Recorded information
•••

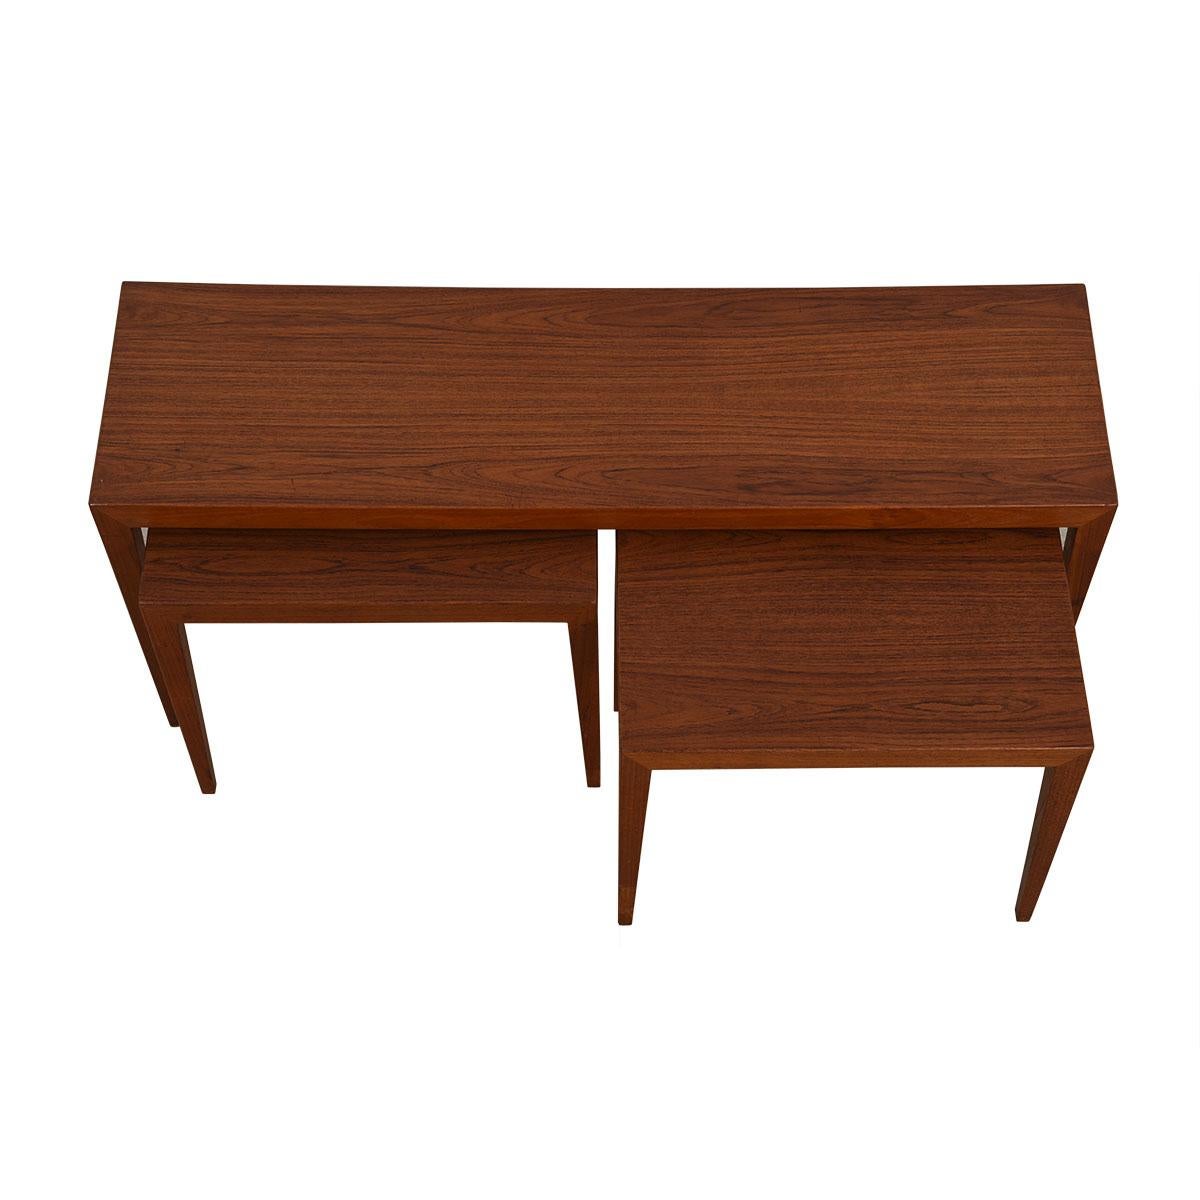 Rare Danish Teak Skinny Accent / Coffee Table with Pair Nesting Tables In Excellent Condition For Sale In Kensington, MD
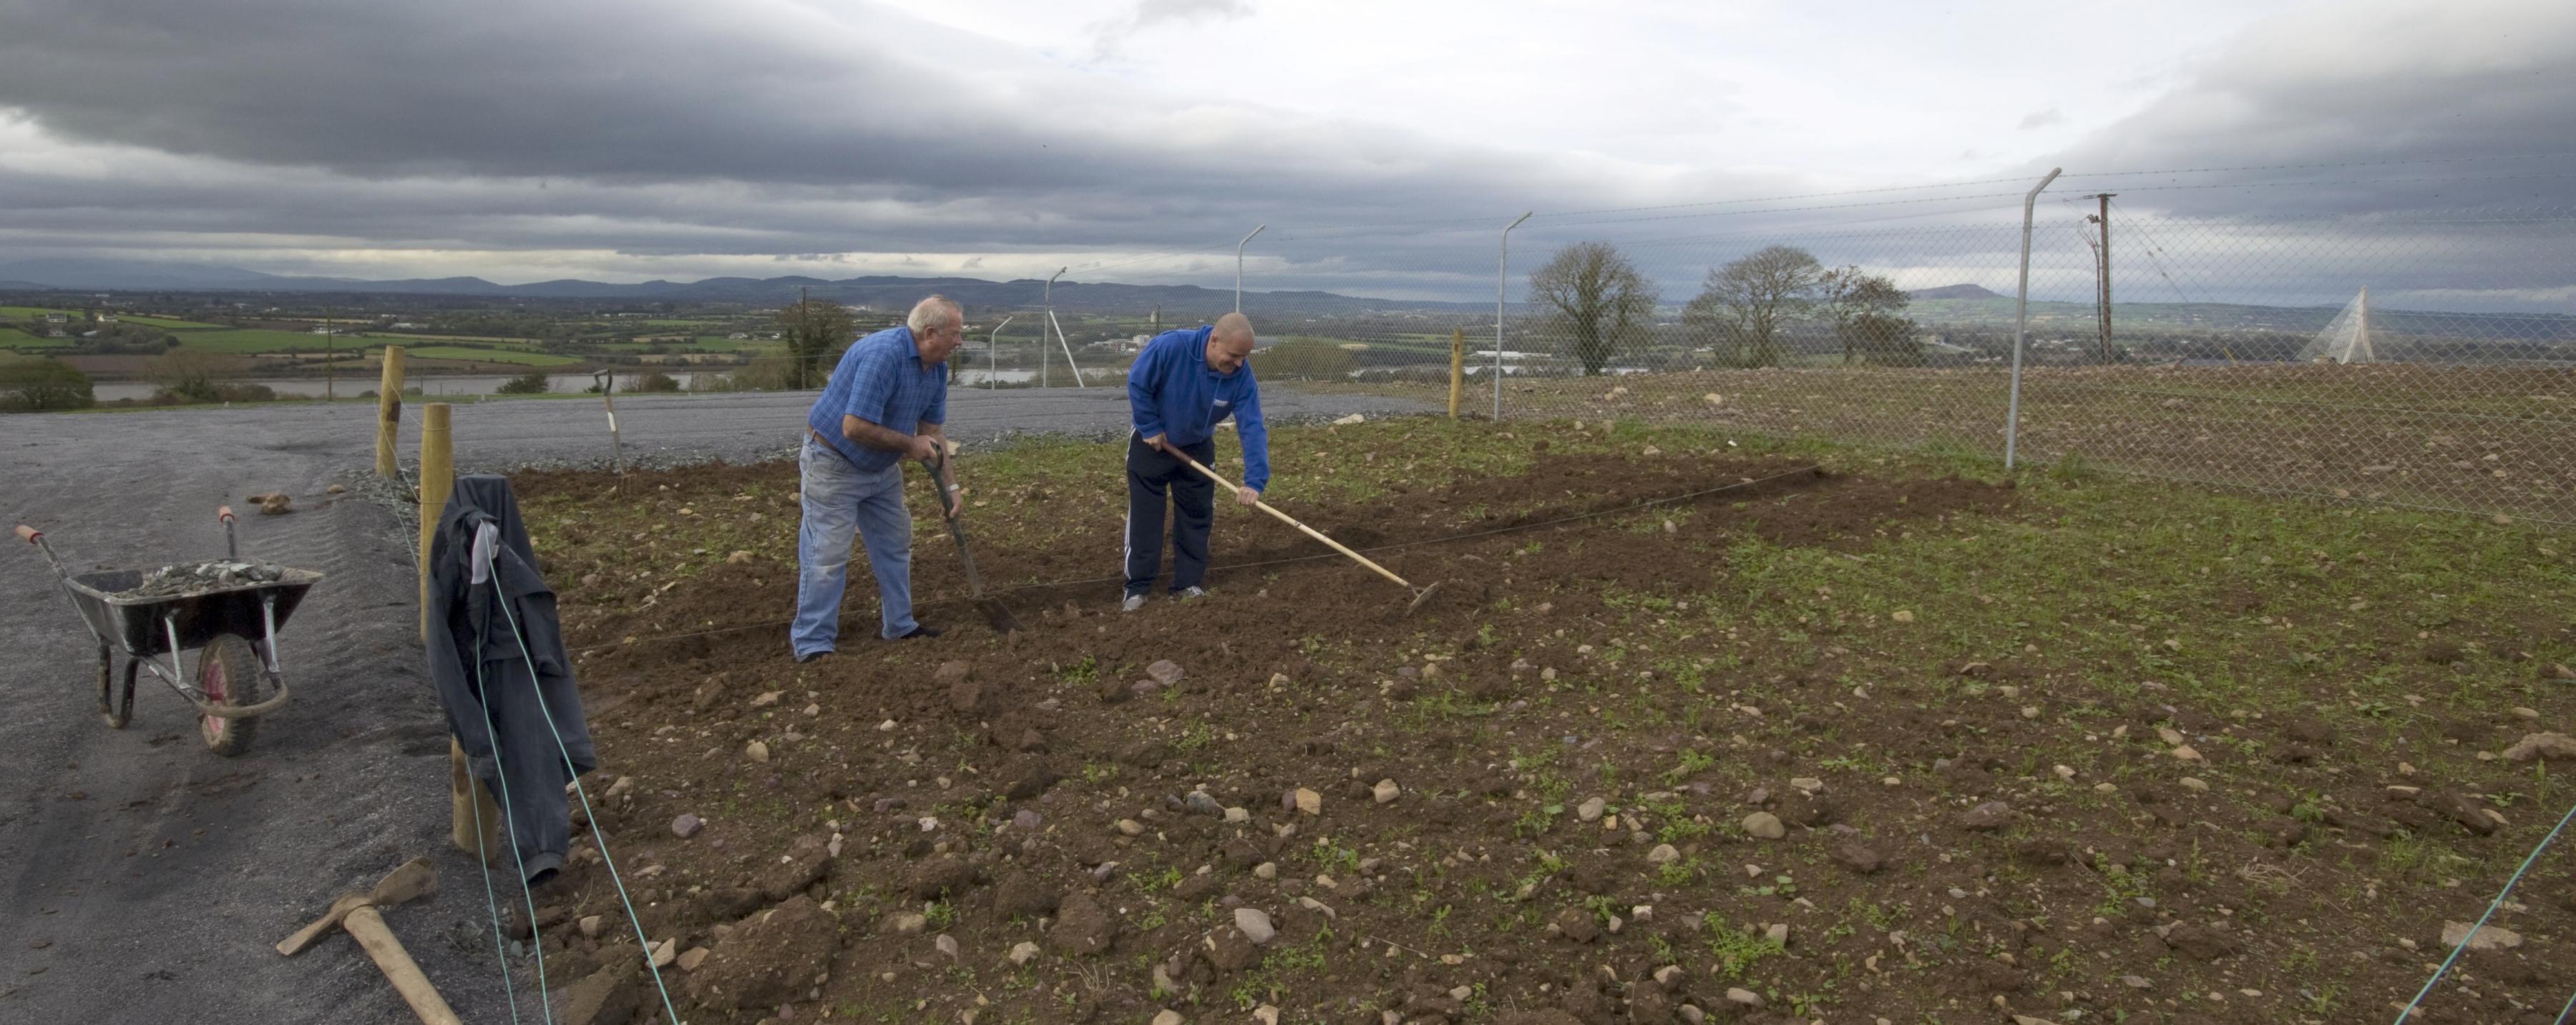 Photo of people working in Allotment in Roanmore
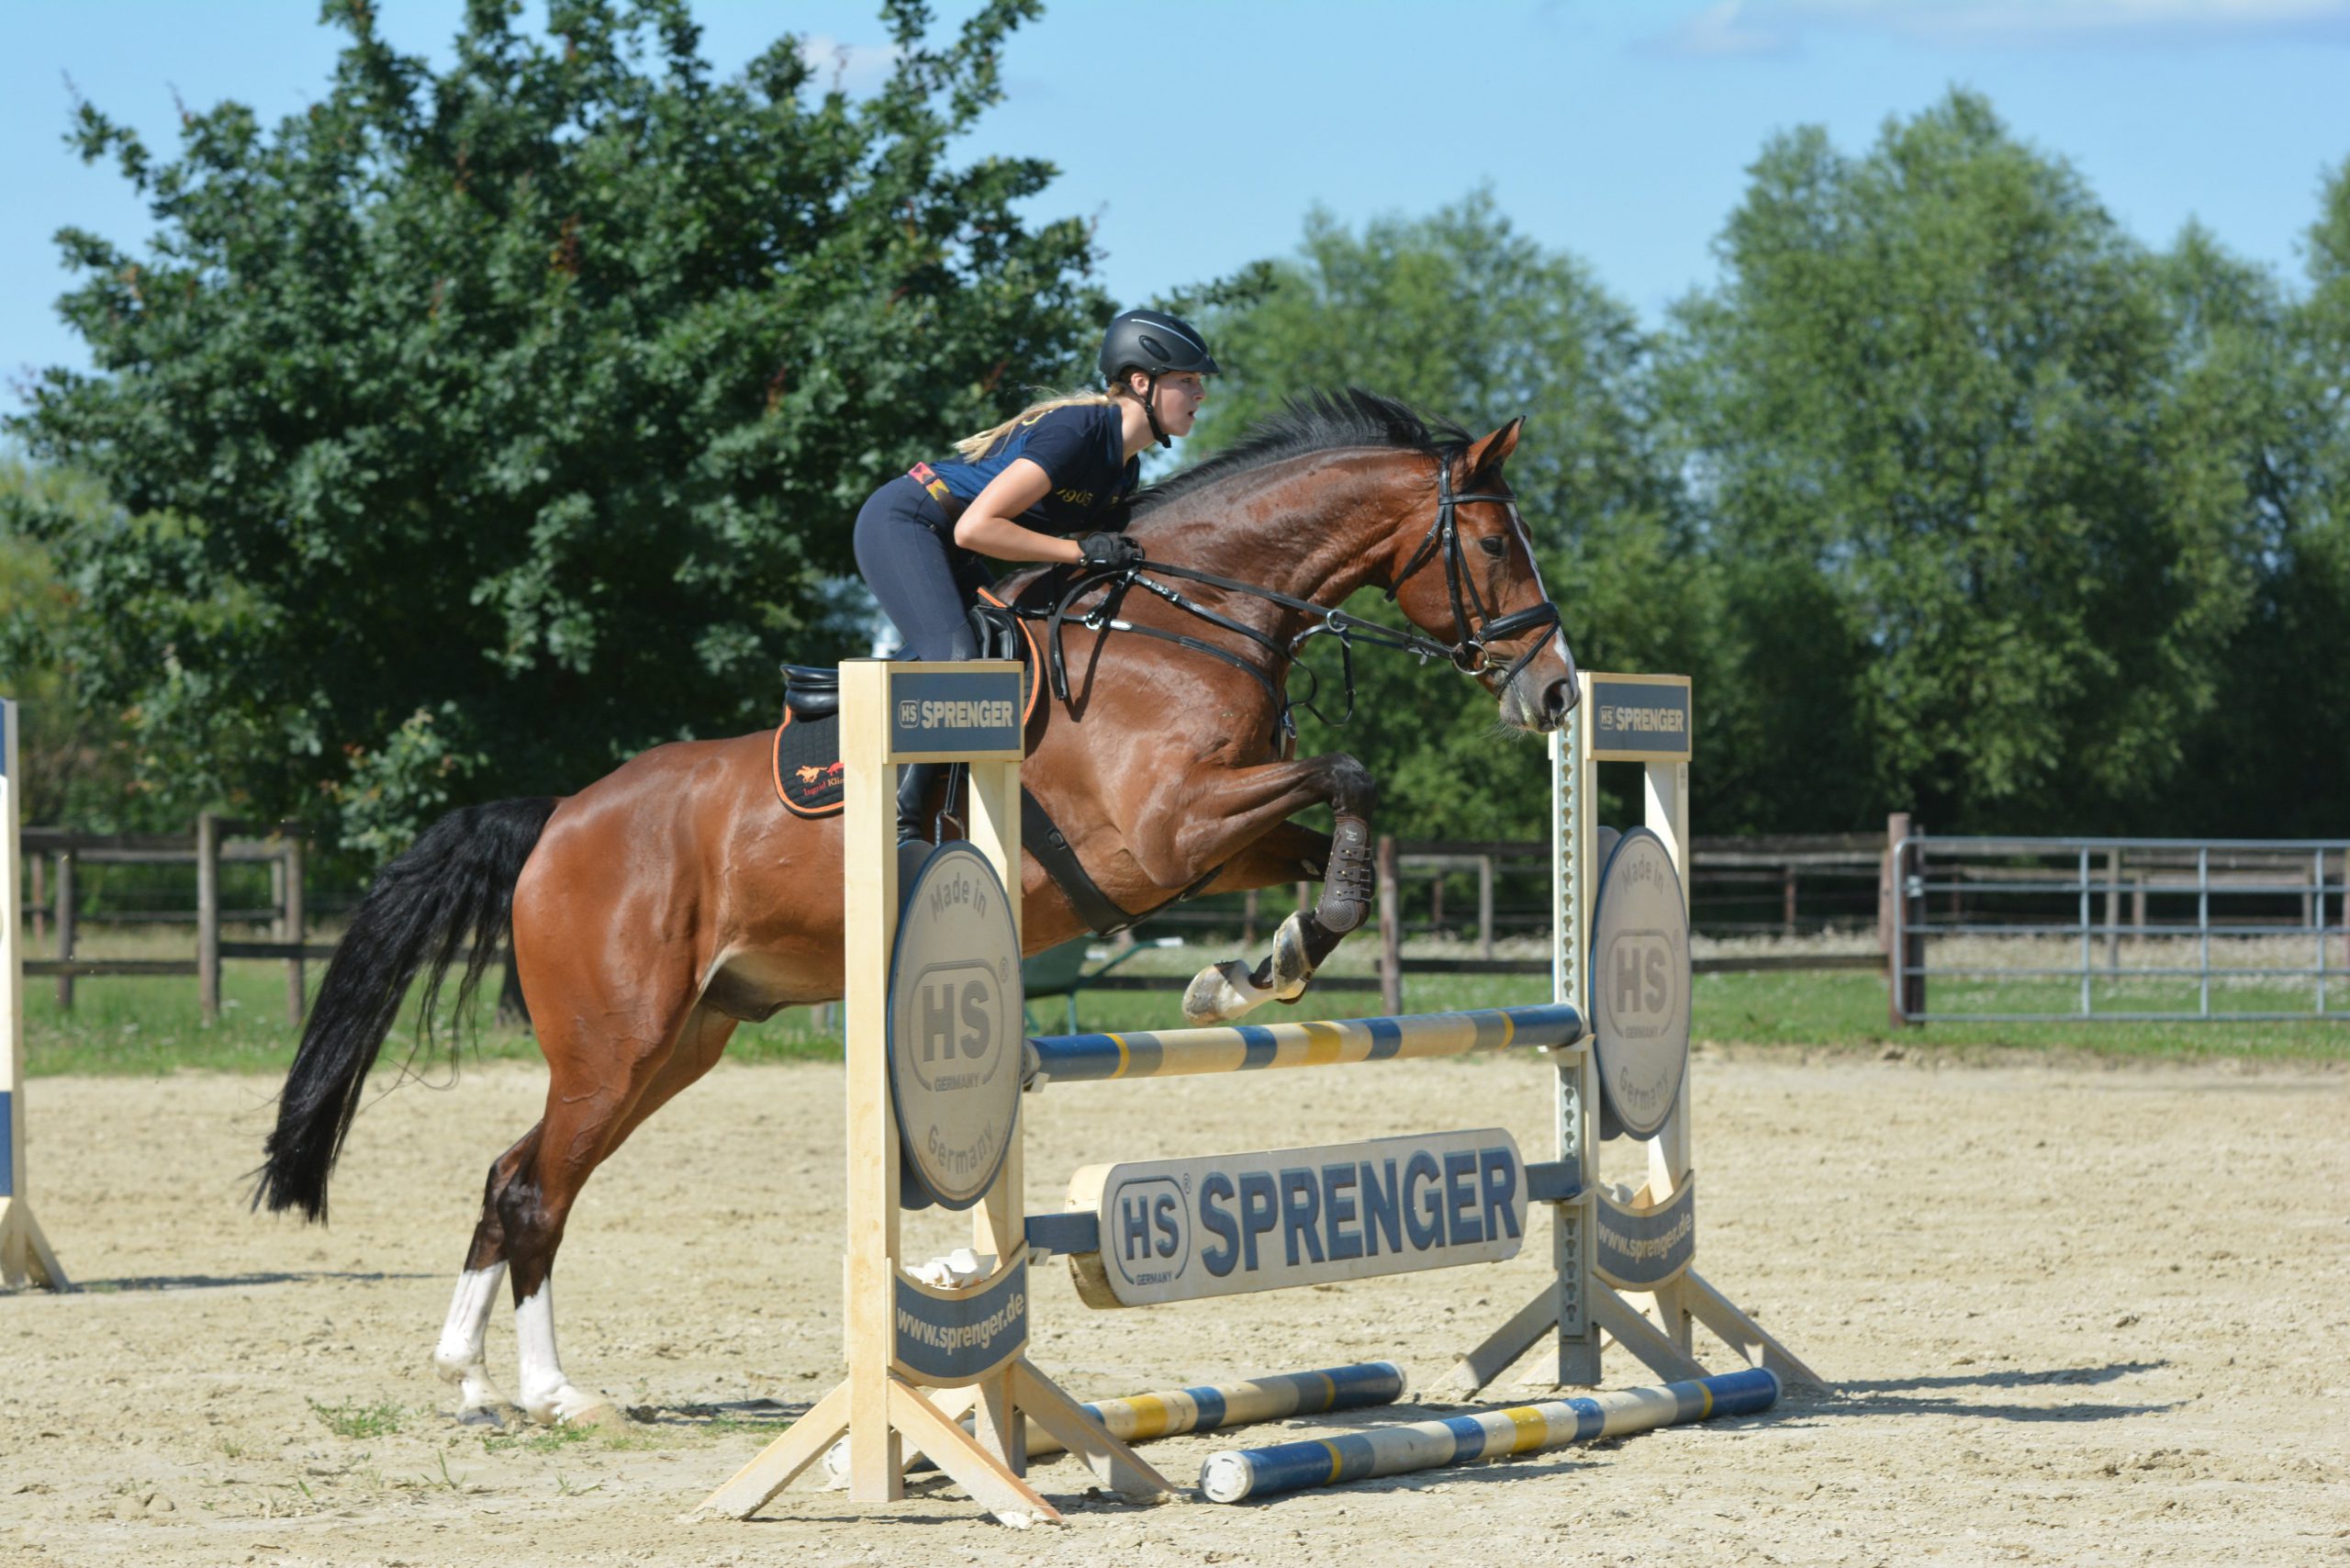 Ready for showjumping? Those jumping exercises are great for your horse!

•••

Required work
Everything in the data except the pictures must be transcribed exactly.

Solution to this task
 Rare Danish Teak Skinny Accent / Coffee Table with Pair Nesting Tables In Excellent Condition For Sale In Kensington, MD
 Photo of people working in Allotment in Roanmore
 Ready for showjumping? Those jumping exercises are great for your horse!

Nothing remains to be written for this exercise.